Let's re-write our test to use the post-process api:

# recipes/recipes/hello.py
from recipe_engine.post_process import StepCommandRE, DropExpectation

DEPS = ['recipe_engine/step']

def RunSteps(api):
  api.step('Print Hello World', ['echo', 'hello', 'world'])

def GenTests(api):
  yield api.test(
      'basic',
      api.post_process(StepCommandRE, 'Print Hello World',
                       ['echo', 'hello', 'world']),
      api.post_process(DropExpectation),
  )

The call that includes StepCommandRE will check that the step named ‘Print Hello World’ has as its list of arguments [‘echo’, ‘hello’, ‘world’] (each element can actually be a regular expression that must match the corresponding argument).

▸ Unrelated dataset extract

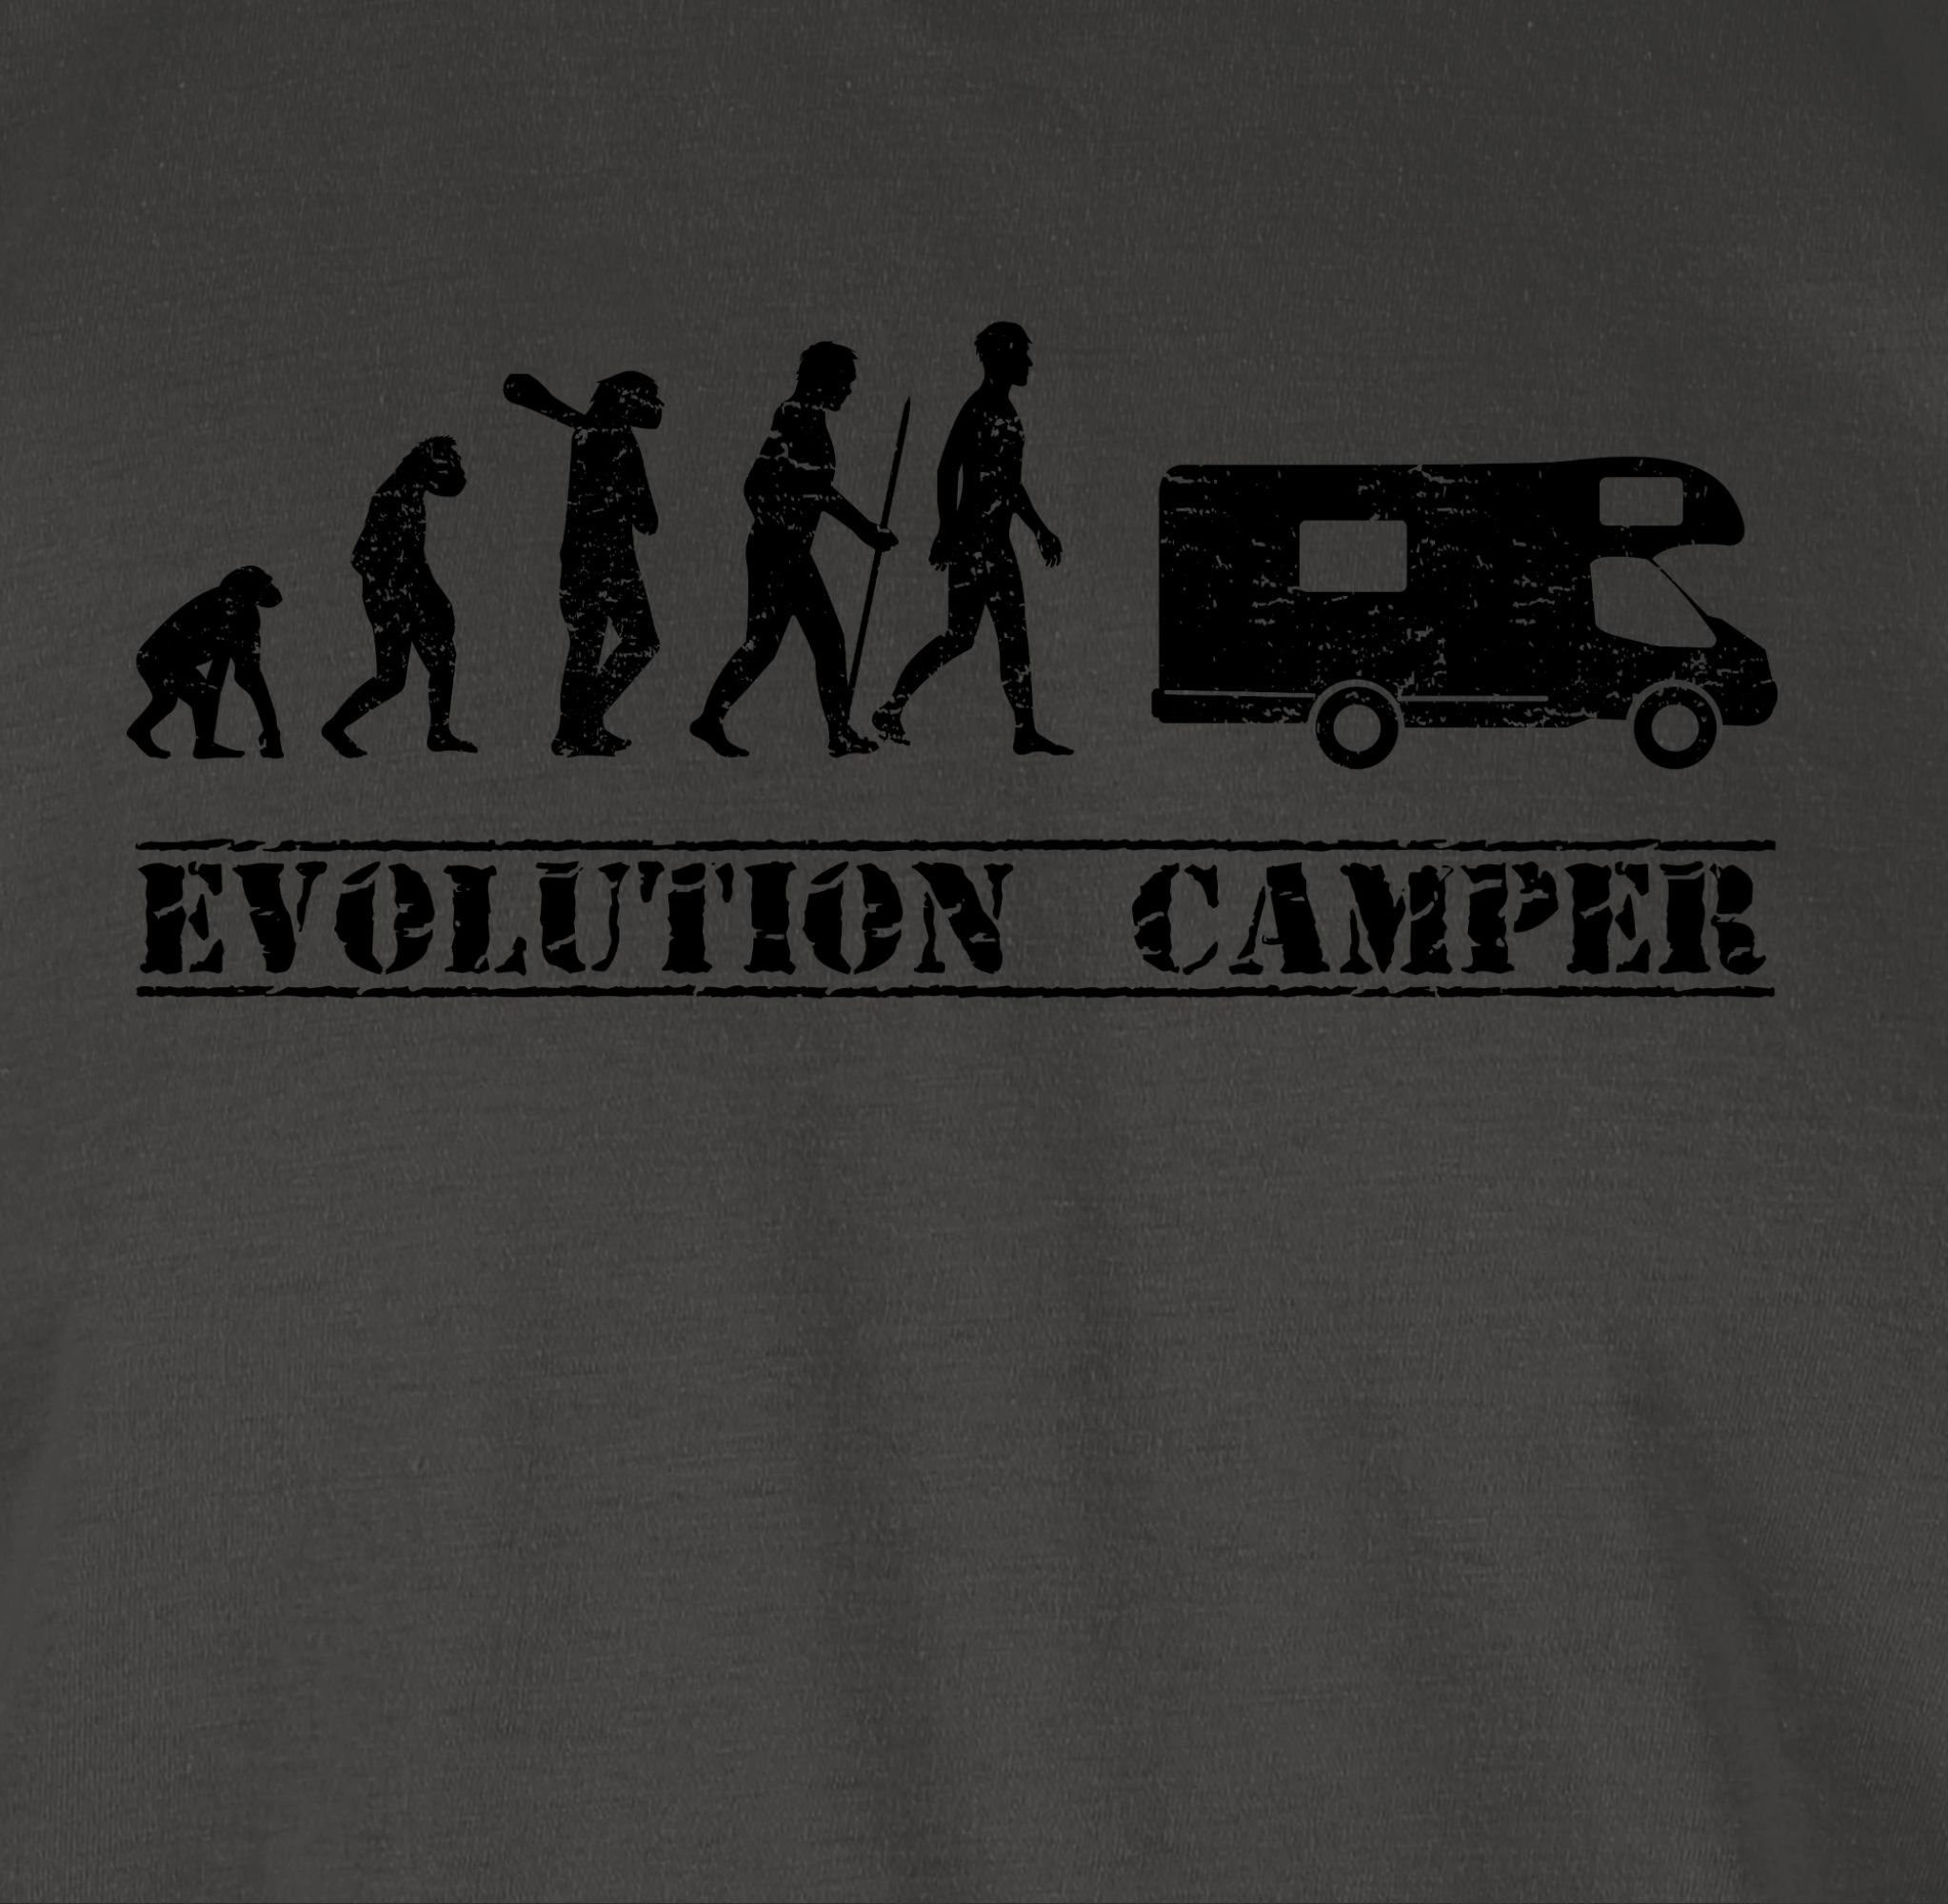 Herren Shirts Shirtracer T-Shirt Evolution Camper - Evolution Outfit - Herren Premium T-Shirt Entwicklung und Geschichte

The call with just DropExpectation doesn't check anything, it just inhibits the test from outputting a JSON expectation file.

If you were to change the command list passed when using StepCommandRE so that it no longer matched, you would get output similar to the following:

hello.basic failed:
    CHECK(FAIL):
      .../infra/recipes-py/recipe_engine/post_process.py:224 - StepCommandRE()
        `check(_fullmatch(expected, actual))`
          expected: 'world2'
          actual: 'world'
    added .../build/recipes/recipes/hello.py:14
      StepCommandRE('Print Hello World', ['echo', 'hello', 'world2'])

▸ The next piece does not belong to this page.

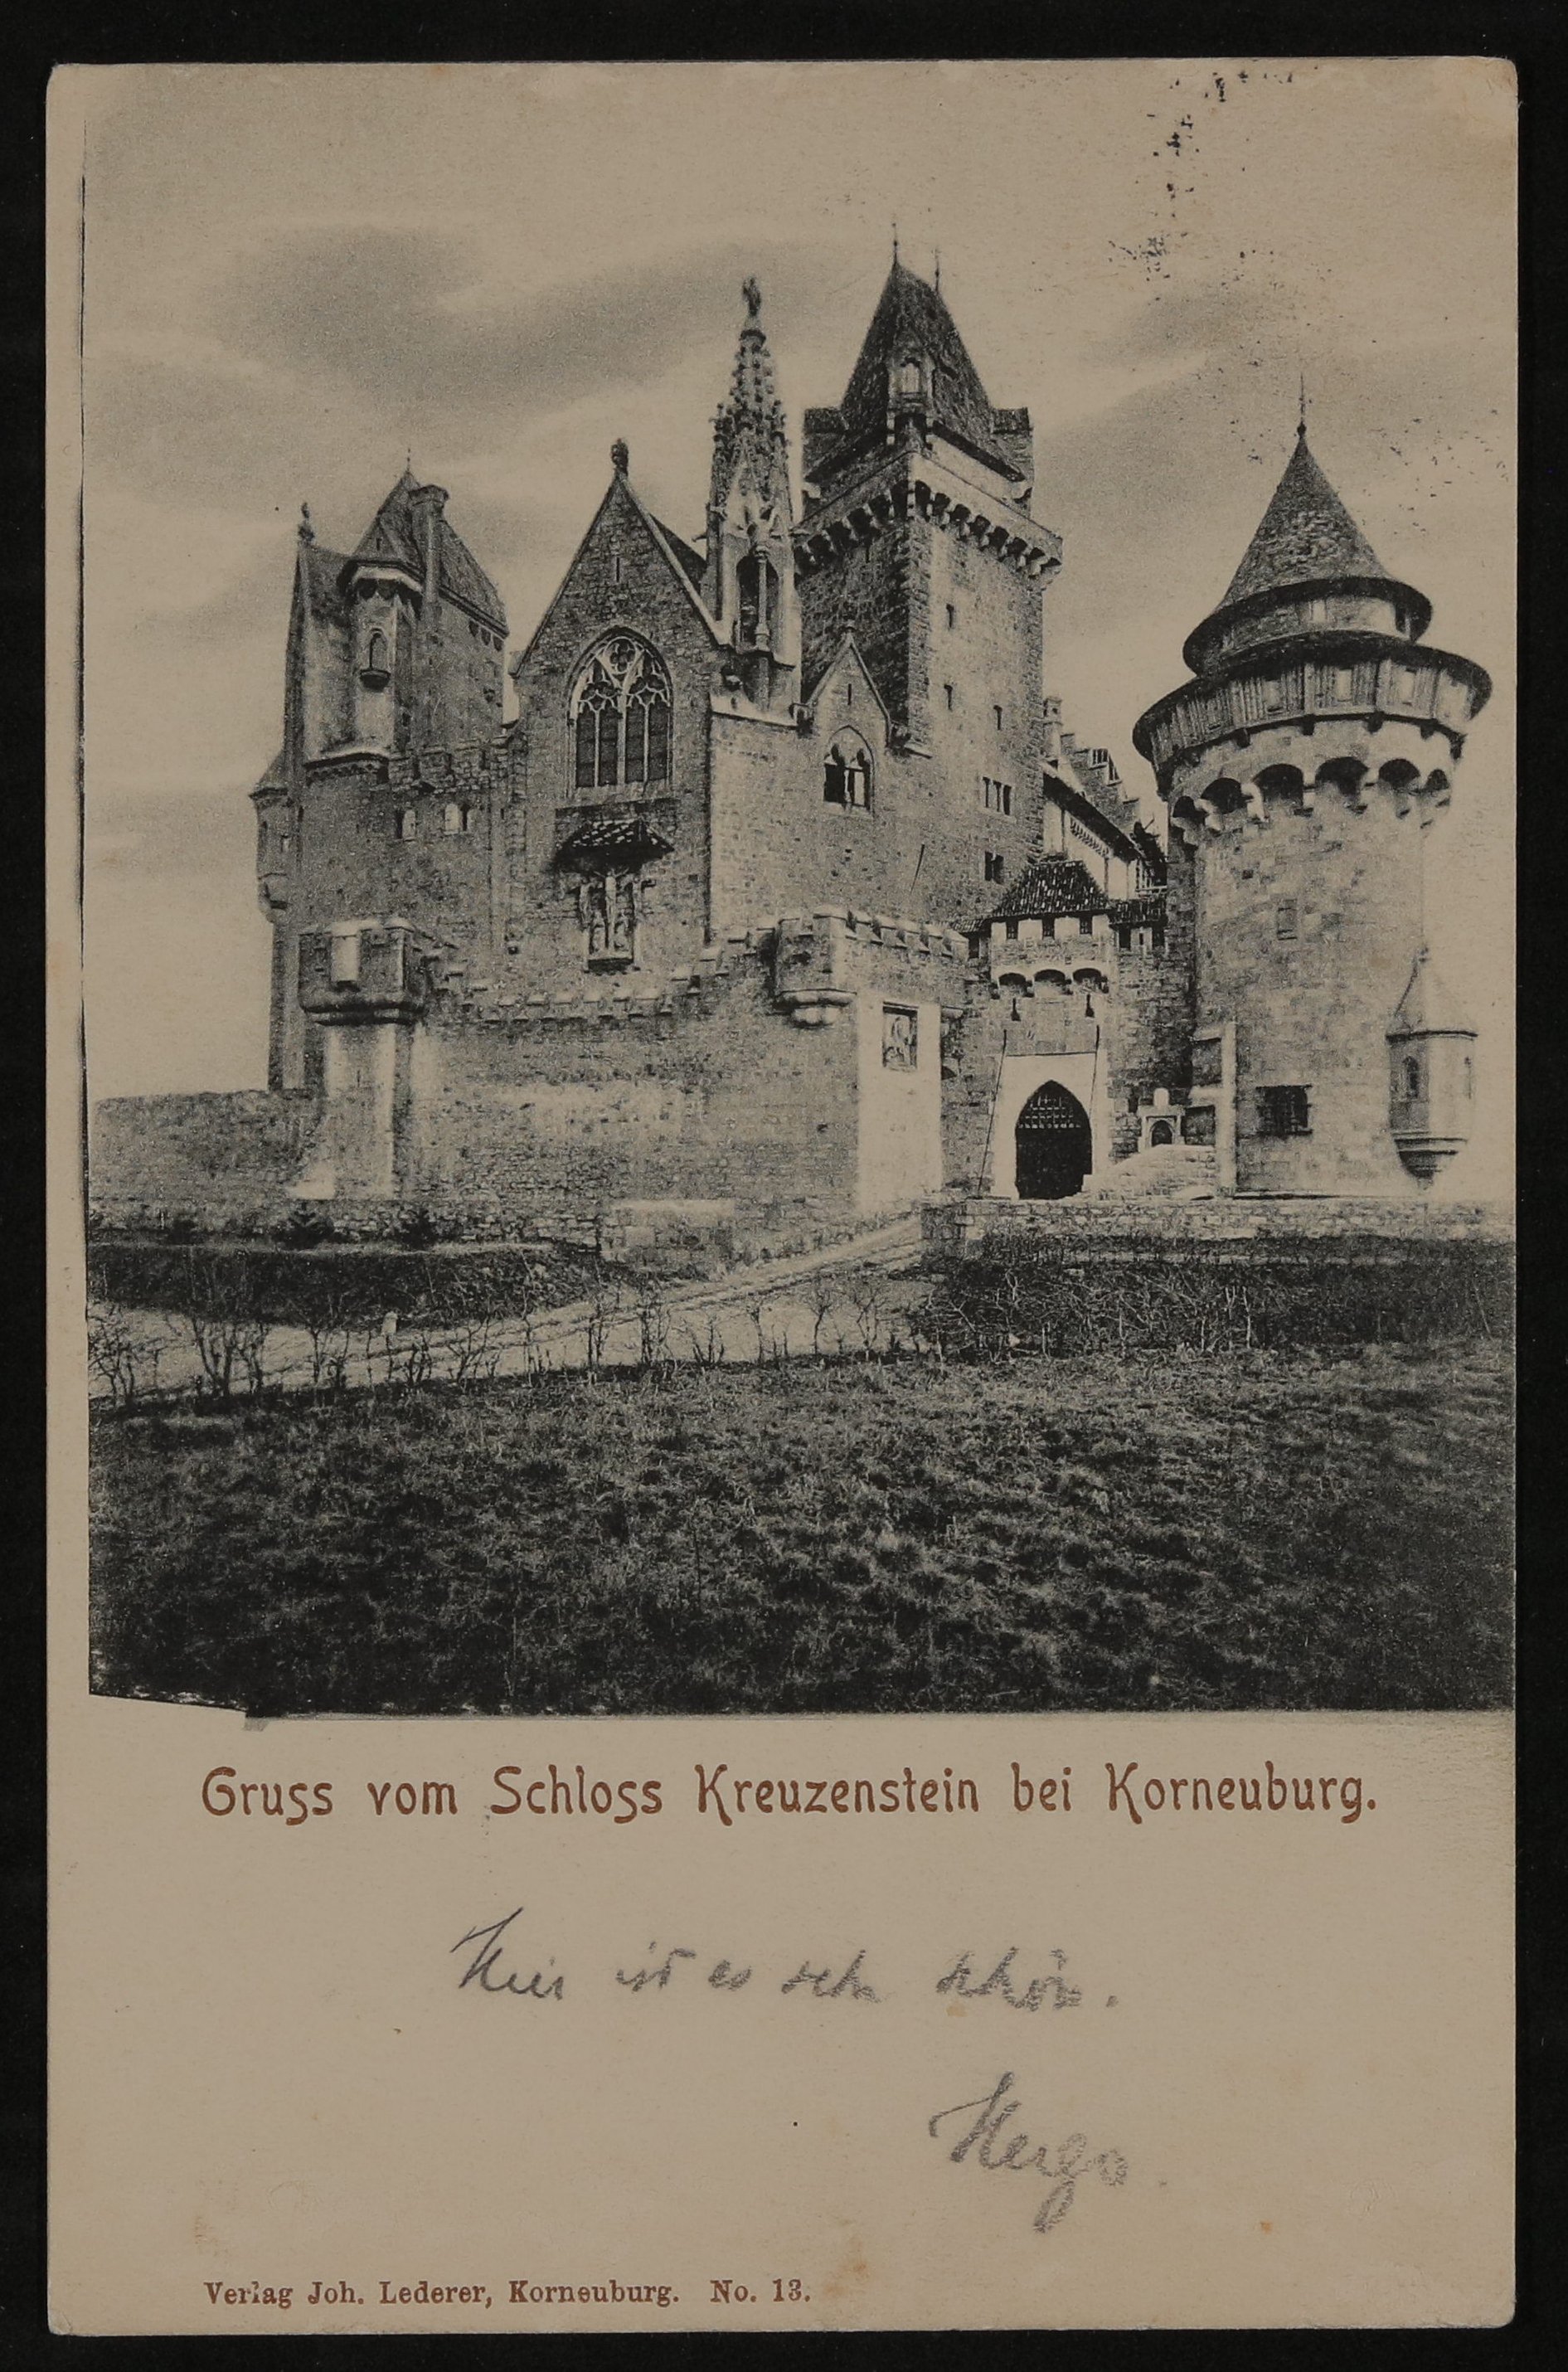 Ansichtskarte von Hofmannsthal an seine Mutter Anna mit "Gruss vom Schloss Kreuzenstein bei Korneuburg." (Freies Deutsches Hochstift / Frankfurter Goethe-Museum CC BY-NC-SA)

This output provides the following information: a backtrace rooted from the entry-point into the assertion function to the failed check call, the value of variables in the expression provided to check (evaluate the expression in the check call rather than before so that you get more helpful output) and the location where the assertion was added.

See the documentation of post_process in recipe_test_api.py for more details about the post-processing api and see post_process.py for information on the available assertion functions.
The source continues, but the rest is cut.